Alternative technologies
Clark started his parliamentary address by stating that the economics of energy market had “changed significantly” in recent years, pointing specifically at the cost reductions in renewables that now require “very little public subsidy and will soon require none”.
“We have also seen a strengthening in the pipeline of projects coming forward, meaning that renewable energy may now not just be cheap, but also readily available,” Clark said, before arguing that new nuclear economics had not seen the same kind of reductions.
“Across the world, a combination of factors including tighter safety regulations, have seen the cost of most new nuclear projects increase, as the cost of alternatives has fallen and the cost of construction has risen.
“This has made the challenge of attracting private finance into projects more difficult than ever, with investors favouring other technologies that are less capital-intensive upfront, quicker to build, and less exposed to cost overruns,” Clark said.
This would appear to be opening the door to an abrupt change in energy policy, despite Clark going on to argue that diversity in the country’s energy mix is still being sought after.
The Energy and Climate Intelligence Unit (ECIU) today published a briefing on how alternative low carbon power sources could plug the ‘nuclear gap’ having stated that the government’s plan to roll out six new nuclear power stations looked “increasingly parlous”.
The ECIU assessment argues that a suite of renewables technologies – 80% provided by onshore and offshore wind, 20% by solar PV – would provide the same equivalent firm capacity as the prospective Moorside, Wylfa and Sizewell C nuclear plant at an average price of £50-65/MWh, including the cost of system balancing such intermittent generation would require.
Such an average price is representative of a 13 – 33% discount on the cost of new nuclear.

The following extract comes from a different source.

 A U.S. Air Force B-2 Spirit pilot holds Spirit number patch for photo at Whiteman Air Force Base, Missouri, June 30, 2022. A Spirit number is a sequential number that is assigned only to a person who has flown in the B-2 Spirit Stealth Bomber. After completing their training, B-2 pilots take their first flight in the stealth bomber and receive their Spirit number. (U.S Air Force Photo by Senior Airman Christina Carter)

Blowing a hole in government plans
Emma Pinchbeck, chief executive at Renwable UK, said Hitachi’s announcement risked “blowing a hole” in the government’s carbon targets.
“We have the technologies, like renewables and nuclear, that can deliver a low carbon energy system and Government is rightly backing our world leading offshore wind sector, which can meet a third of our power needs by 2030,” she said.

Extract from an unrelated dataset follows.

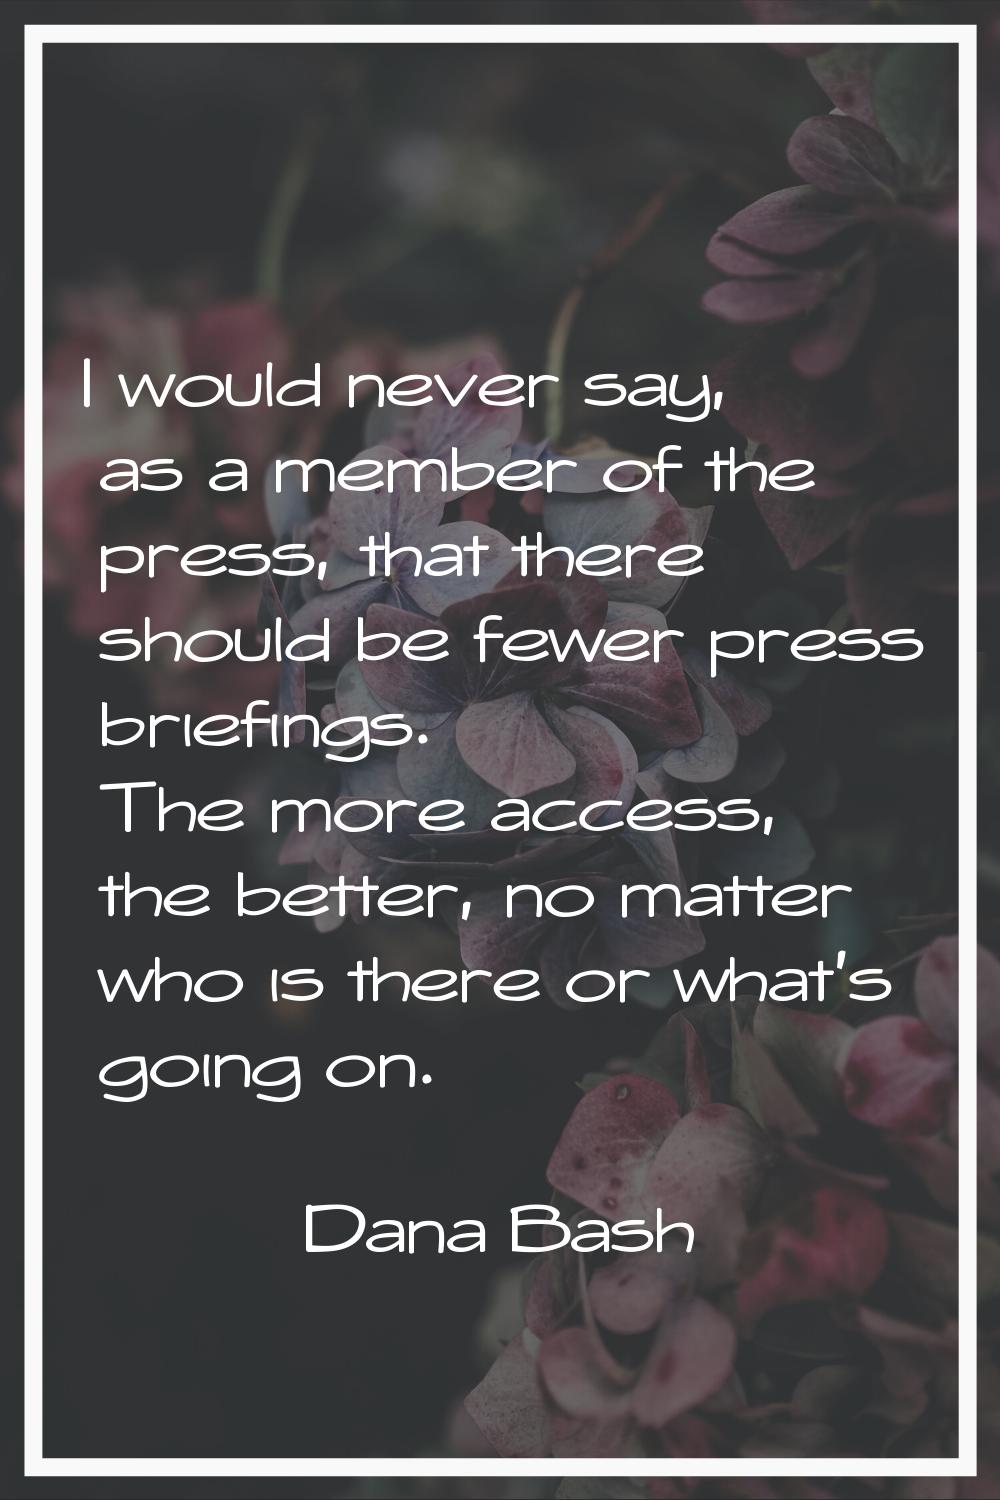 I would never say, as a member of the press, that there should be fewer press briefings. The more a

But doing so would require a wholesale review of government policy, Pinchbeck argued.
“As the cheapest source of new power, onshore wind can make a major contribution to the UK’s clean growth ambitions. We have a pipeline of shovel-ready onshore wind projects that can provide cheap power to consumers and help close the gap on our carbon targets and it’s time Government allowed onshore wind compete on a level-playing field, including letting projects compete for Contracts for Difference.”
Energy UK chief Lawrence Slade was however more measured, insisting it was disappointing to see work at Wylfa suspended.
“It is important that low carbon, secure sources of generation, such as nuclear, can get the necessary investment to enable them to help meet the energy needs of consumers and our country over the coming decades. Therefore we urge the government to continue to work with the energy industry and investors to ensure projects like this can go ahead.”